The addition of computer labs and classrooms is especially critical, said Ludutsky-Taylor, noting that the Nevada County campus has only 23 classrooms, each capable of holding 25 students.

More than 3,000 students take at least one class at Sierra College’s Nevada County campus each semester.

To make this campaign successful, Ludutsky-Taylor said she plans to bring the message directly to the students and professors on campus, in addition to traditional electioneering. Last time, the provost said, she discovered that many with close ties to Sierra College were unaware of the bond issue.

“What I learned from Measure E was that we’re a very small, close-knit community. We should have had more of a grass-roots campaign, going neighbor to neighbor. That’s what works in this community.”

With more than two months to go, however, students focused their attention on just making it through the first day.

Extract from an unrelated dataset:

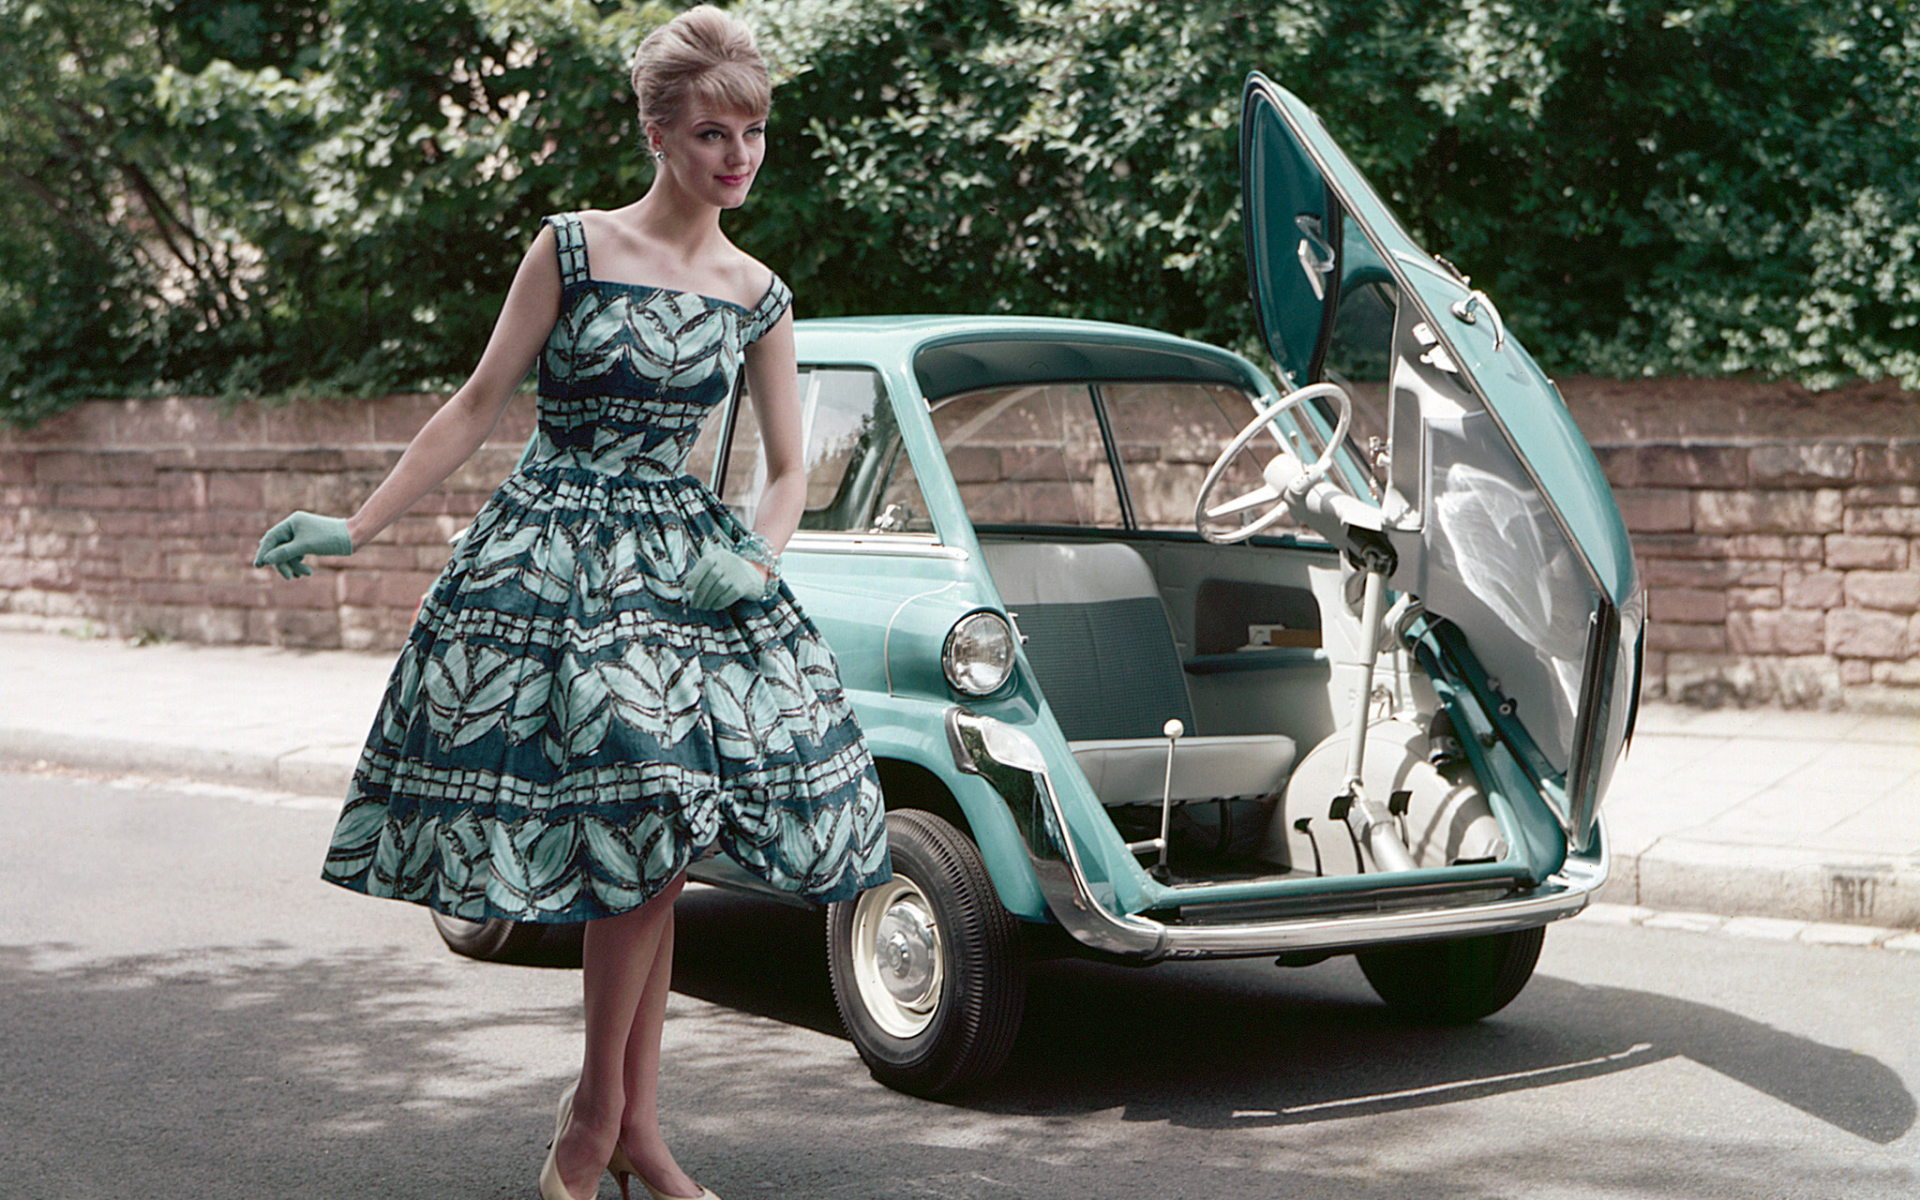 в платье, девушка, а-ля 60 годы, автомобиль, микро, красивая, девушки, девушка

Dave Roberts, the owner of Grinders in Grass Valley, was doing his part to make Monday memorable, serving up sandwiches, salads and smoothies in the new food court. The campus cafeteria closed nearly two years ago amid budget cutbacks.

“It’s a pleasure working with brand new, government-issued equipment,” he said.

Depending on the demand, Roberts said he would keep his operation open long into the night if necessary.

“I’m loving the idea,” Roberts said, “if for no other reason than to take summers off.”